Multilateralism was the order of the day in the Asia-Pacific this quarter. Two sessions of the Six-Party Talks and a number of associated bilateral and multilateral working group sessions were held, culminating in a “breakthrough” at quarter’s end, at least in terms of the disablement of North Korea’s nuclear facilities at Yongbyon. The ASEAN Regional Forum (ARF) and associated 10+X ministerial meetings took place amid reports of steady progress on the development of ASEAN’s first Charter. The annual Asia Pacific Economic Cooperation (APEC) Leaders Meeting resulted in rhetorical commitments to combat global warming and move the Doha round of trade talks forward, while President George W. Bush met for the third time in a summit with assembled ASEAN leaders along the APEC sidelines. The failure of Secretary of State Condeleezza Rice to attend the ARF meeting (her second miss in three attempts) and the cancellation of Bush’s follow-on visit to Singapore (for what would have been his first full summit meeting with ASEAN leaders) renewed concerns about the U.S. commitment to the region, despite the deepening of the U.S.-ASEAN Enhanced Partnership. Multilateral military cooperation included major exercises in the Indian Ocean and Central Asia by what some portray (inaccurately?) as emerging rival blocs. Democracy watchers continued to keep a close eye on Bangkok’s slow return to democracy and election dynamics in Seoul and Taipei, even while expressing revulsion over the latest giant step backward taken by the military junta in Rangoon.
The quarter opened with Assistant Secretary of State Christopher Hill proclaiming that we were “a few days away” from overcoming the “technical issues” that were holding up the Korean Peninsula denuclearization process. Unfortunately, those few days did not take place until mid-June, postponing the long-awaited 60-day test of the Feb. 13 “action for action” agreement until next quarter. Also pending is a test of the willingness of the nations of Southeast Asia to develop a meaningful Charter in commemoration of ASEAN’s 40th birthday, following this quarter’s review of (and reported revisions to) the groundbreaking draft provided last quarter by its Eminent Persons Group. The commitment of Thailand’s military leaders to restore democracy is also being tested, as is Beijing’s commitment to Hong Kong’s Basic Law on the 10th anniversary of reversion. Meanwhile, new U.S. Secretary of Defense Robert Gates and China’s new PLA Deputy Chief of the General Staff Zhang Qinsheng passed their initial diplomatic tests this quarter while making their first appearance at the Shangri-La Dialogue in Singapore. Finally, East Asia’s economy, 10 years after the Asian financial crisis, appears to have nicely survived the test of time.
The Year of the Golden Pig has gotten off to an auspicious beginning.
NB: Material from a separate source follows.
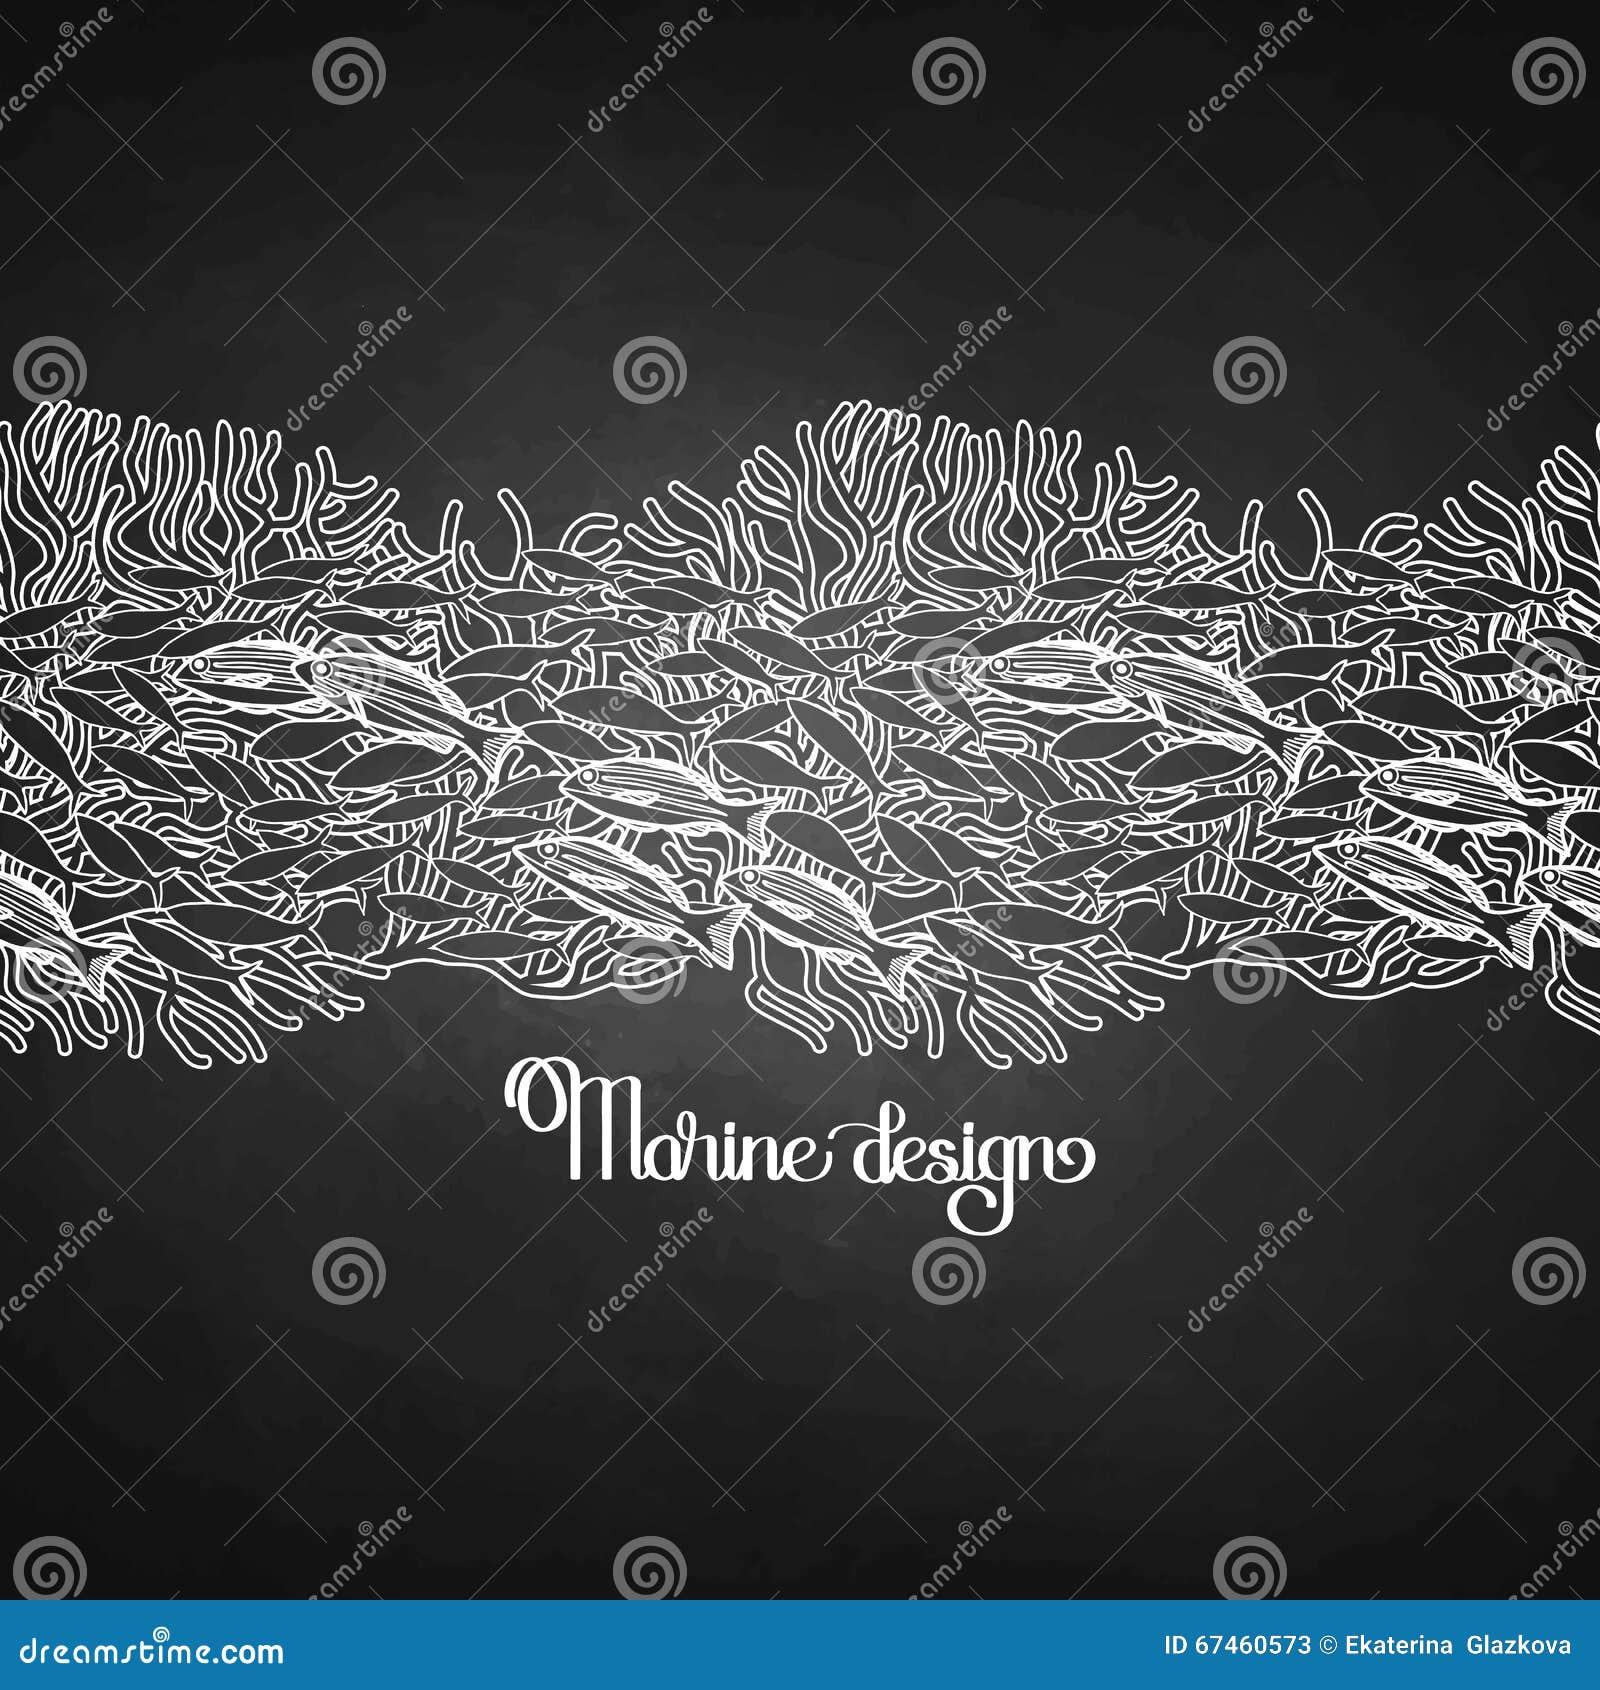 Graphic Line Design Art : Ocean line art design stock vector image of

The Six-Party Talks, seemingly left for dead at the end of last quarter, were miraculously revived, resulting in an “action for action” game plan for the phased implementation of the September 2005 joint denuclearization agreement. Neither weather nor terrorism concerns prevented the second East Asia Summit from taking place as rescheduled, with the U.S. nowhere to be found. ASEAN leaders also took a step forward in examining their first formal Charter while agreeing with their Plus Three partners (China, Japan, and South Korea, finally once again on speaking terms) to promote greater regional integration. Tokyo and Canberra took a dramatic step forward in strengthening bilateral security cooperation, while the second “Armitage-Nye Report” was released, laying out a bipartisan vision for “getting Asia right.”
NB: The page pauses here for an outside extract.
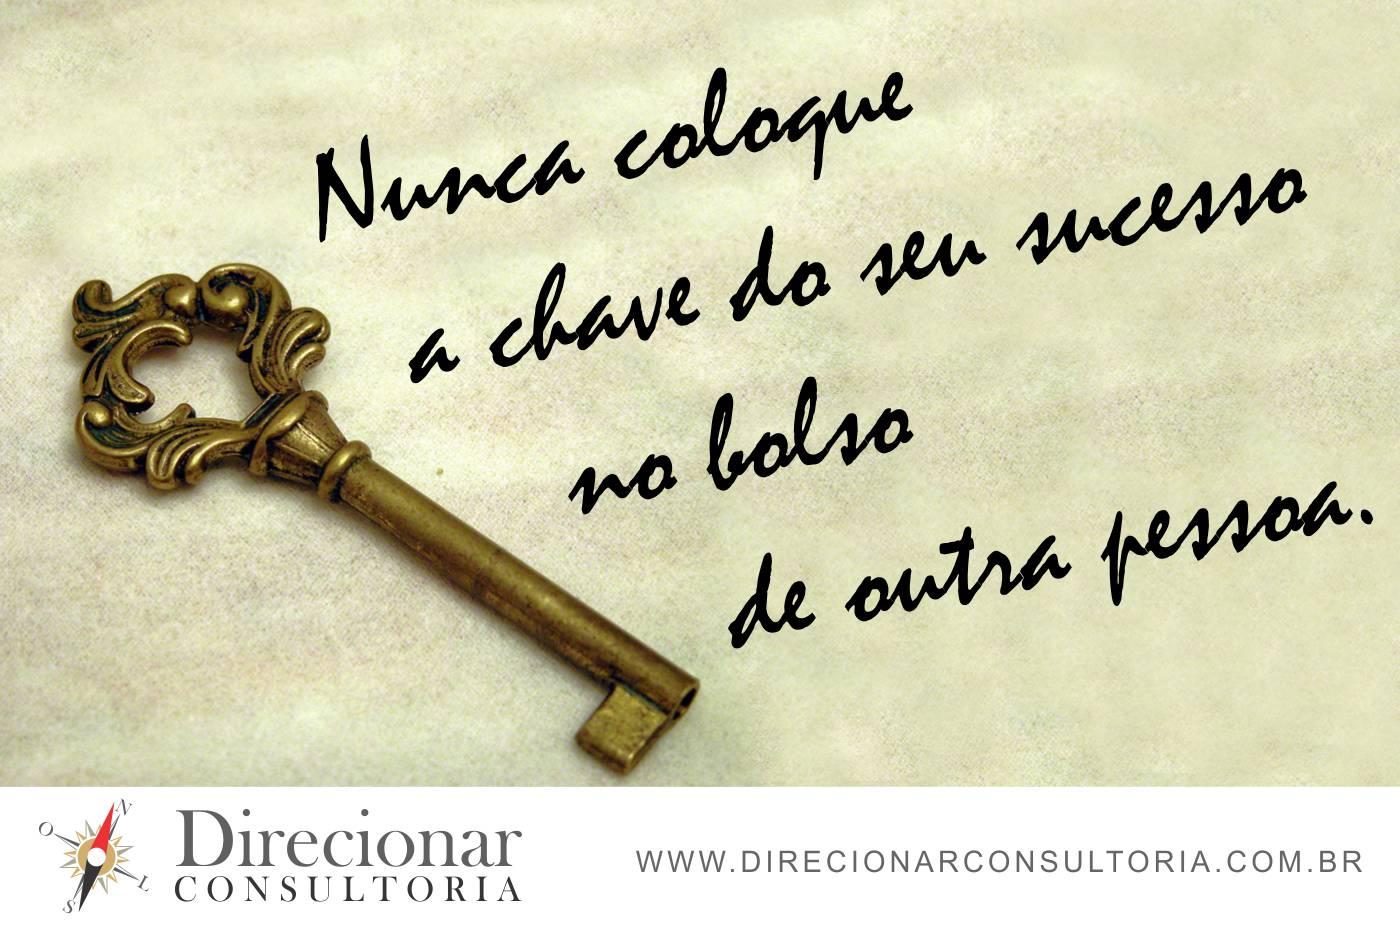 Nunca coloque a chave do seu sucesso no bolso de outra pessoa
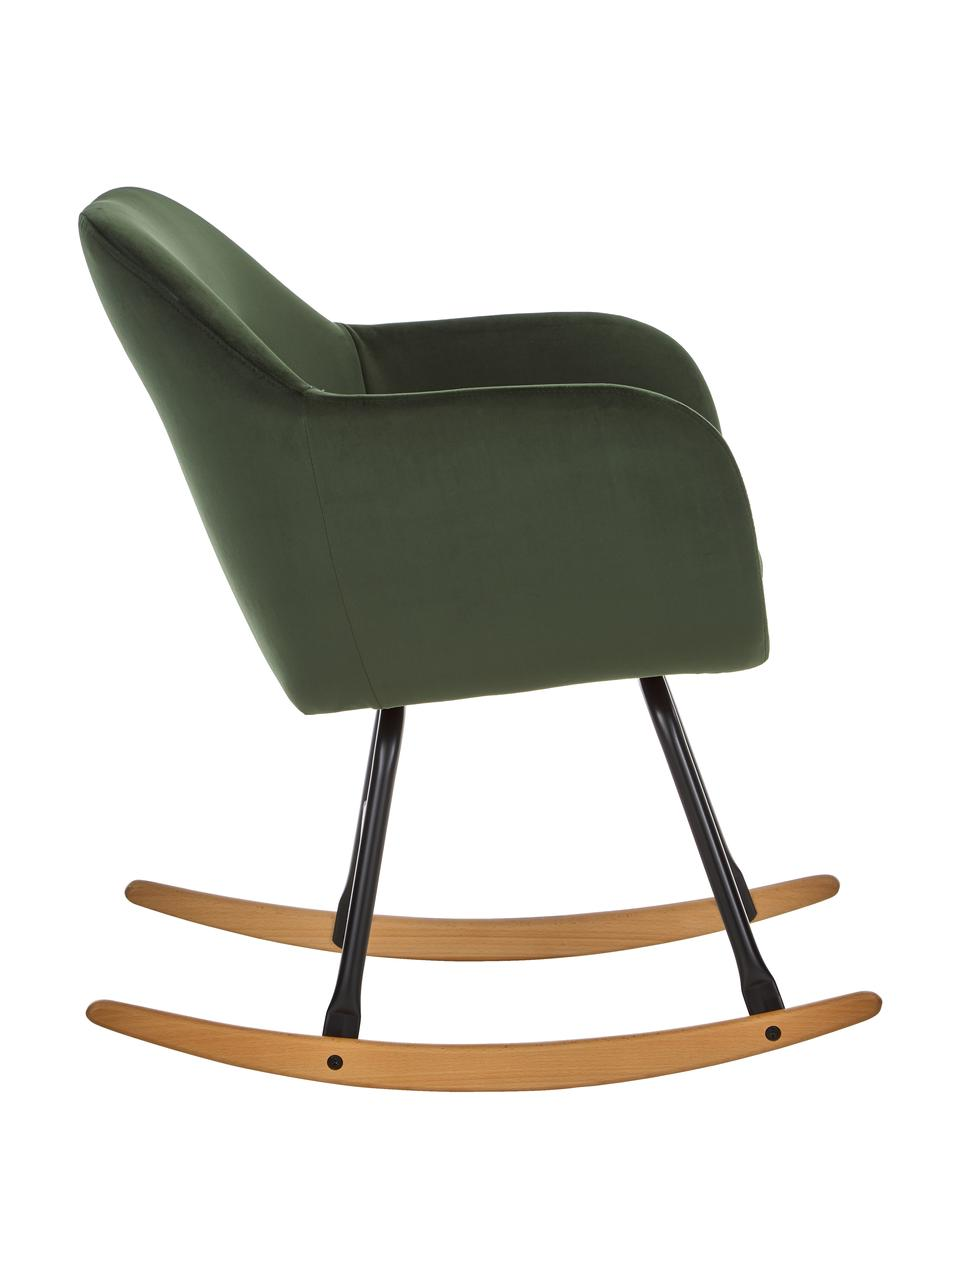 Sedia a dondolo in velluto verde Emilia, Rivestimento: poliestere (velluto) 25.0, Gambe: metallo verniciato a polv, Verde, Larg. 57 x Alt. 69 cm

The quarter started with a bang, literally, as North Korea made good on its threat to test a nuclear weapon, resulting in a strongly worded (but not strongly enforceable) UN Security Council resolution (UNSCR 1718) imposing sanctions. To the surprise of some, Pyongyang agreed to return to another round of Six-Party Talks this quarter; to the surprise of virtually no one, the talks went nowhere. The most anticipated multilateral event of the quarter, the second East Asia Summit (EAS), was postponed (ostensibly due to weather), but the Asia Pacific Economic Cooperation (APEC) Leaders Meeting did take place on schedule, along with a side meeting between President Bush and the “ASEAN Seven.” Democracy took another hit in the region, this time via a military coup in Fiji, even as the road back to democracy in Thailand is proving to be longer than promised. The Asia Pacific economic outlook remains good, with the region continuing to set the pace for the rest of the world. The political outlook is not as sunny.
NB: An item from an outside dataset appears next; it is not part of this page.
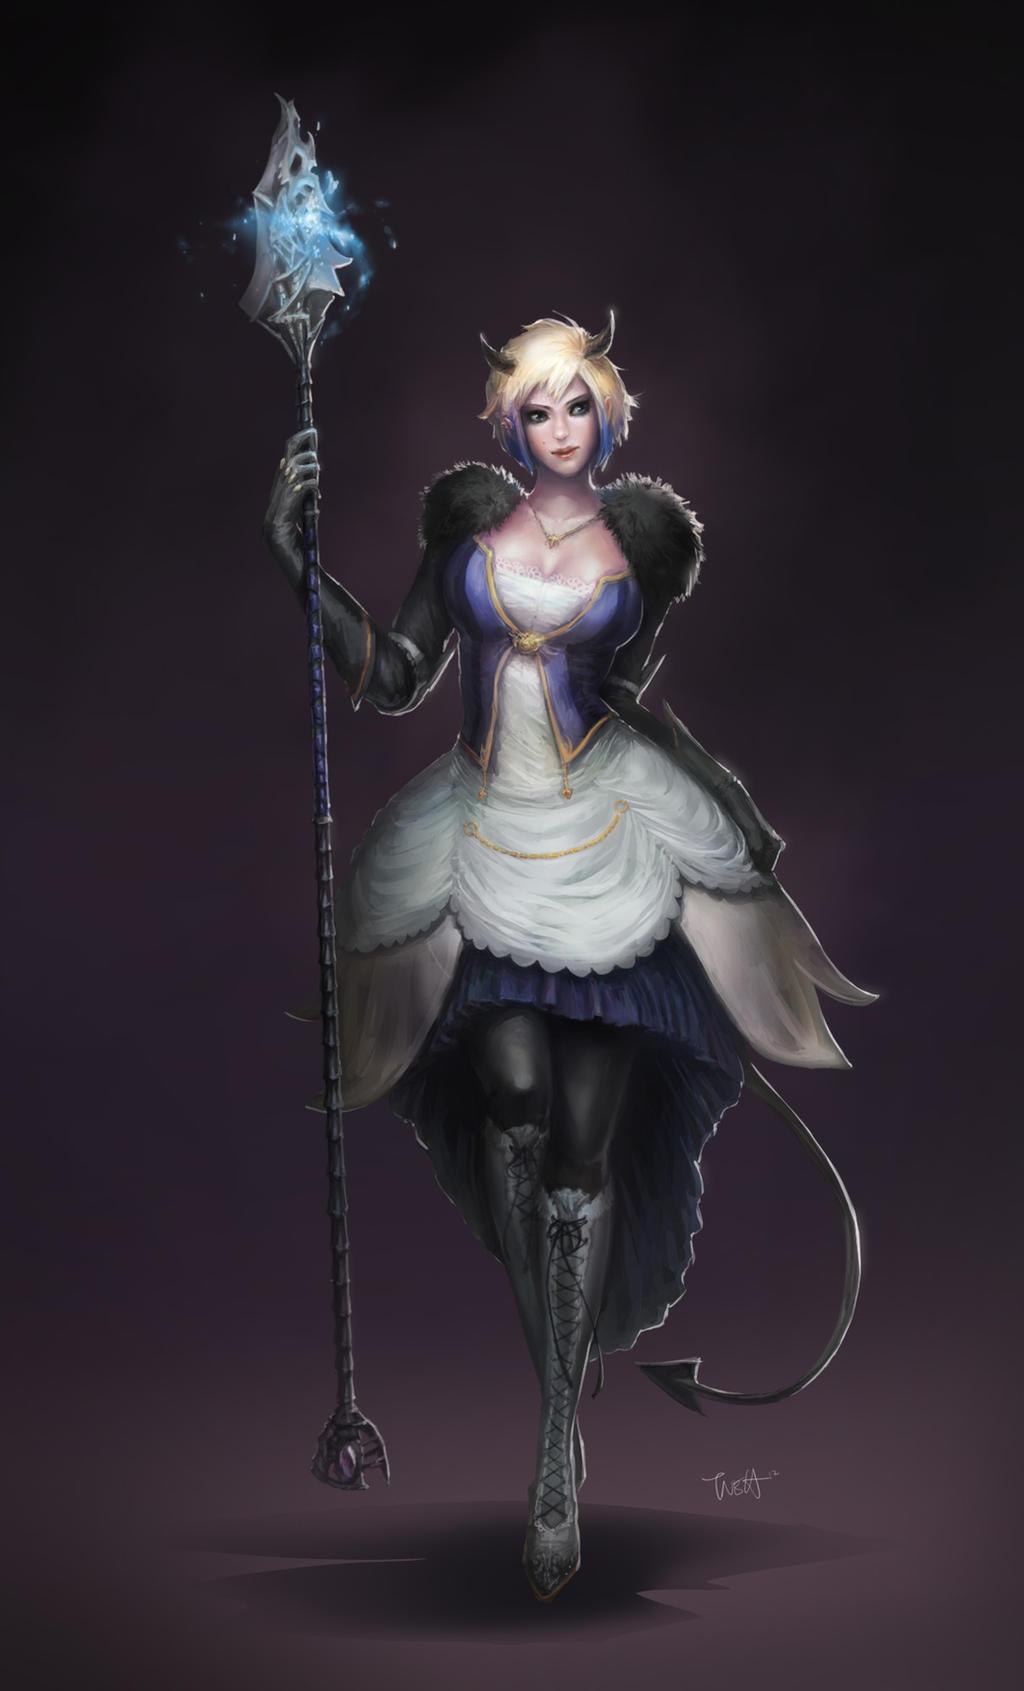 Commission - Maeva by SKtneh

The last quarter ended with the international community playing “will they, or won’t they” over North Korea’s threatened missile test; they did! This quarter it’s déjà vu all over again, this time concerning a threatened nuclear weapons test. Following the UN Security Council’s surprisingly tough response to the missile tests, efforts were made to jump-start the negotiation process at this summer’s ASEAN Regional Forum (ARF) meeting. This attempt proved fruitless, however, as North Korea’s foreign minister refused to come to an “informal” six-party meeting, despite the opportunity to meet face-to-face with U.S. Secretary of State Condoleezza Rice (who, despite genuine crises in the Middle East, made the extra effort to attend this year’s ministerial meeting). Elsewhere in Asia, ASEAN foreign ministers held their 39th annual Ministerial and numerous 10+1 post-ministerial talks (including a productive session with Secretary Rice), along with an ASEAN Plus Three meeting with their counterparts from China, Japan, and the ROK. Meanwhile, the democratic process continued to witness ups and (mostly) downs in Asia, as the military coup in Thailand reminds us of just how fragile the democratic process remains in Asia.
The second quarter of 2006 went about as well for U.S.-Japan relations as could be imagined. The two governments agreed on a plan to restructure their military alliance; the ban on U.S. beef exports to Japan was lifted (again); the two countries’ diplomacy appears to be well coordinated as they deal with vexing issues (Iran and North Korea); and the “Sayonara Summit” was a PR success (as anticipated). From all appearances, the foundation has been laid for a successful U.S.-Japan partnership that outlives the George Bush-Koizumi Junichiro “special relationship.”
The U.S.-Japan alliance returned to earth this quarter. After a dizzying five-year run during which Japanese actions consistently exceeded U.S. expectations, old habits reasserted themselves in the first quarter of 2006. Unfinished business – base relocations and the reimposition of the Japanese ban on imports of U.S. beef – bedeviled both governments, while coordination on a range of other global issues proved equally frustrating. This is especially troubling as Japan becomes increasingly focused on the transition to the post-Koizumi era, which begins in September when the prime minister steps down. There is a real danger that alliance issues will fester as the Japanese gaze narrows to domestic concerns.
The last quarter of 2005 will be remembered as a historic moment for the U.S.-Japan alliance. In October, the Security Consultative Committee (the “SCC” is the meeting of secretaries/ministers of foreign affairs and defense, sometimes referred to as the “2+2”) ratified an interim report on the realignment of U.S. forces in Japan that could usher in a new era in relations between the two countries. If realized, the report will transform the alliance.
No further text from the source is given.